The use of digital technology is a key focus of Aviva’s growth.

“The exciting thing in that for me is we’re actually doing it properly,” Eaton said. “We’re not doing it in a way that says ‘we’re insurance people in grey suits and we’re really good at doing digital’, we’re actually realising that we need to get different capability in.”
Getting assistance to brokers
For Aviva, Eaton explained educating and supporting brokers is key for the growth of the business.  With services like Marketplace, a one stop shop for product information, the Aviva Development Zone which has access to over 200 courses for brokers, and Aviva’s Marketing Mentor online resource, broker development is already strongly supported by the company. For a giant company, staying connected to brokers is important.

“One of our philosophies is that it’s good to remain local,” Eaton said. “The way we set ourselves up organisationally is on a regional basis. The underwriters that actually write the business, and have the relationships with the broker on the ground, are not very far from the broker.”

Almost 20 per cent of Eaton’s underwriters don’t work in Aviva’s offices, instead operating as bonus underwriters that sit in brokers’ offices.

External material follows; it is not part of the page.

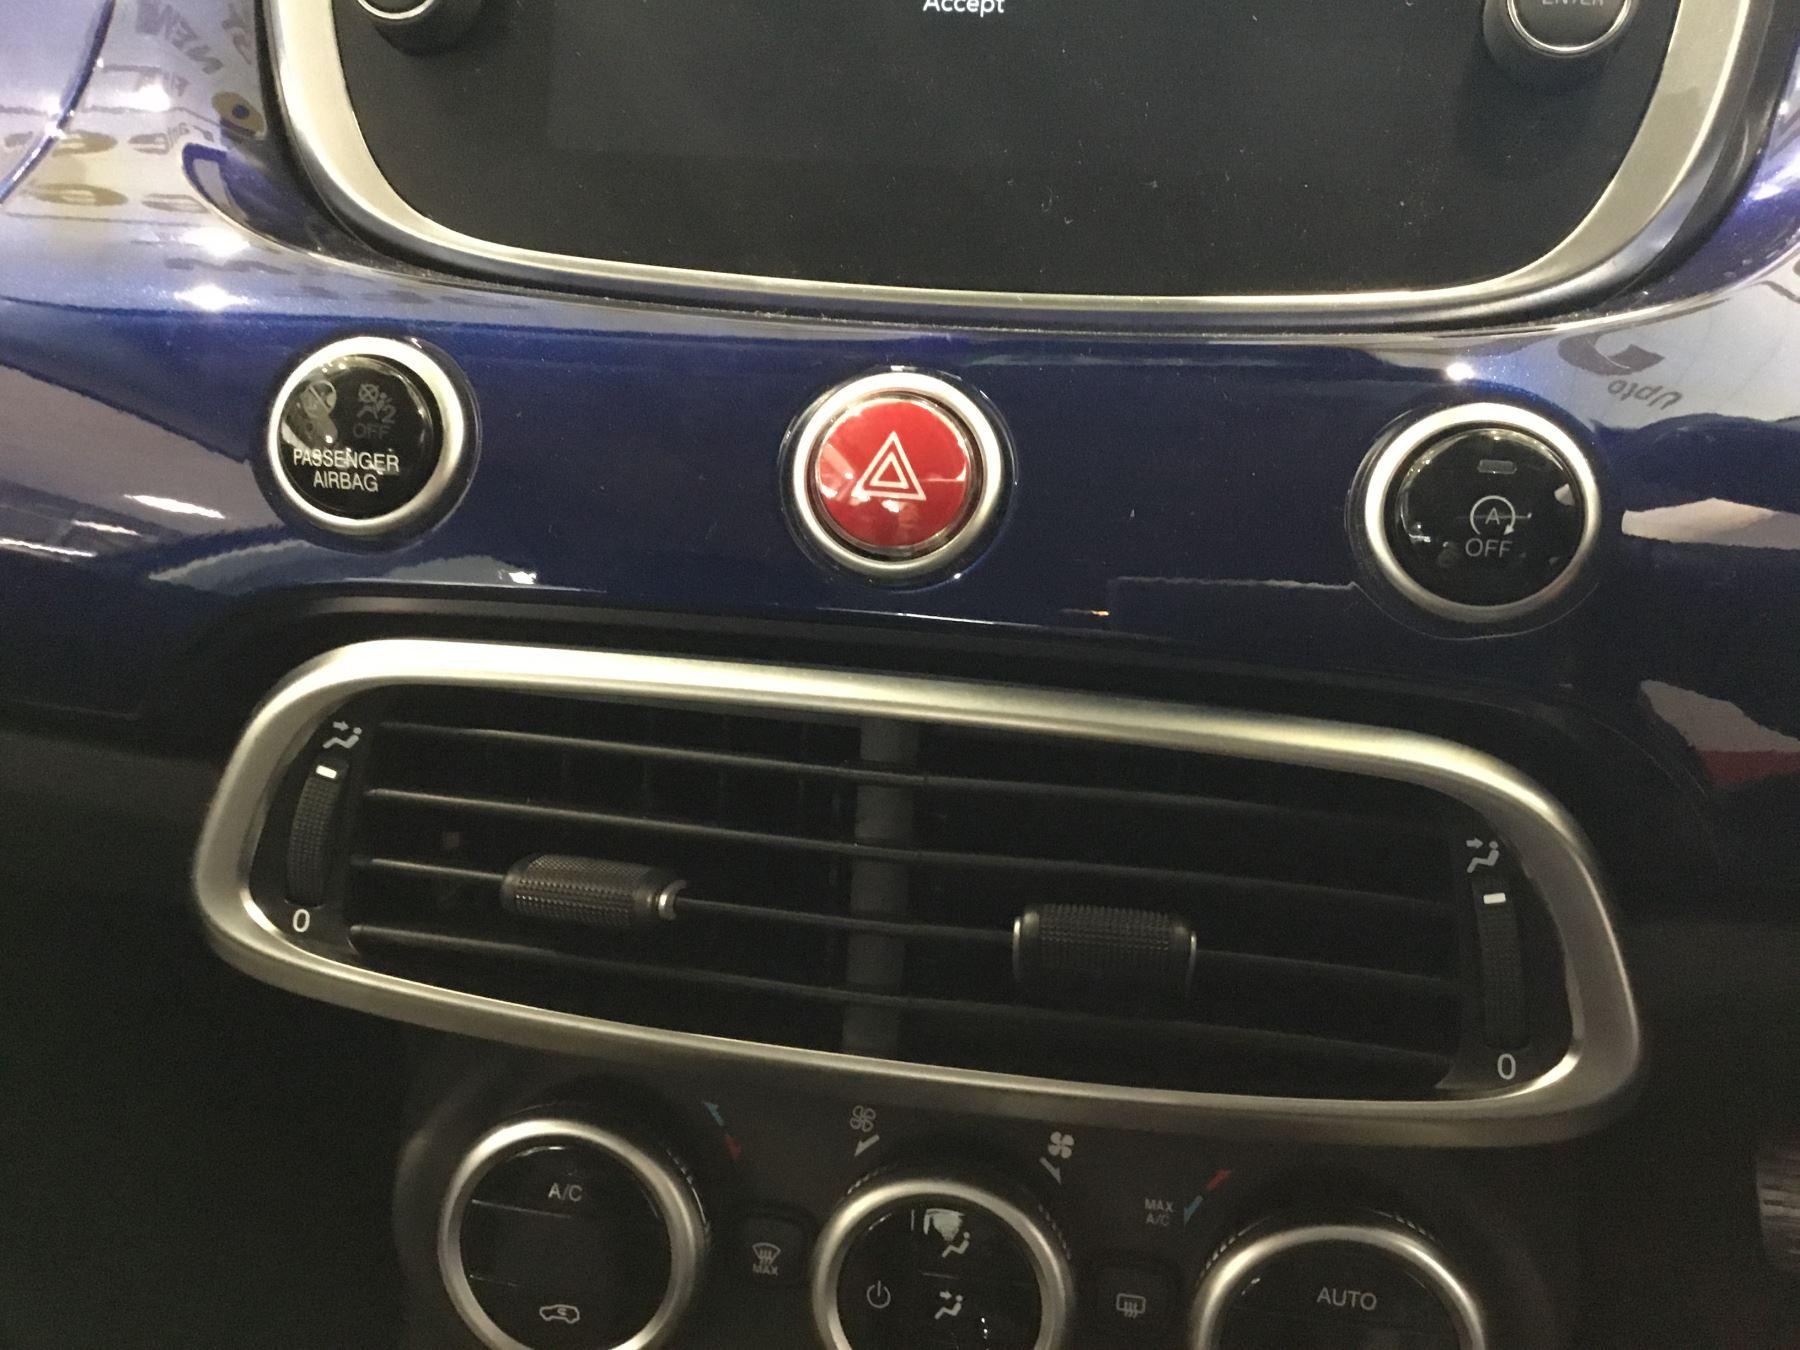 Fiat 500X 1.3 City Cross DCT image 10

“It’s like any great relationship, you just invest time, effort and are really good at listening,” he said. “We’ve got a very strong sales and relationship team, who spend their time building the relationships.”

Insurance Act
One of the biggest concerns for brokers currently is the Insurance Act, with many keen to understand what it means for their relationship with insurers and their customers. Aviva has been involved in the Insurance Act from its inception. Eaton explained the company supports it because it will result in a strong outcome for customers. Because of Aviva’s work developing the act, it is in an excellent position to help brokers understand it and has done so through workshops, masterclasses and one to one engagement.

“One of the big issues in the Insurance Act is about making sure that they’re presenting everything that they should know, and this is both for the customer and the broker, to us to help us underwrite,” said Eaton.

“In our smaller end of the business we’ve given some guarantees around saying, ‘don’t worry, if you do this, we’ll be happy’. We’re not about to turn around and say ‘hang on, you’ve missed that small thing and therefore it’s not valid’. We’ve really acknowledged the challenges that they’ve got there but equally set something up in a way that we can all succeed.”

What’s next for brokers?
On the subject of broker commissions, Eaton said it’s always best to keep in mind what is best for the customer.

“With that in mind, we would be supportive to a move towards more transparency for customers, in terms of commissions but more generally as well. We think that’s the secret for delivering the best service to customers.”

He also praised the value that brokers already deliver to customers.

“There are many of our broker partners who take their CII membership very seriously, and are very proud of the professionalism of which they deliver their services to their customers and the commitment to their customers. And that is actually true added value for customers, and I think we’ll get too distracted if we spend too much time just seeing it as a monetary transaction.”

Eaton explained the biggest challenge he sees for brokers in the future is evolving at the same pace of customers.

“Underwriting wise, we define people by trades, and what we’re actually discovering in a lot of the work we’re doing is actually a hairdresser, for example, also happens to have a coffee shop on the side,” said Eaton.

“They’re very adaptable now customers, in ways they previously weren’t, and I suspect that’s probably going to be the biggest challenge brokers face. Keeping up to date and relevant to what their customers want.”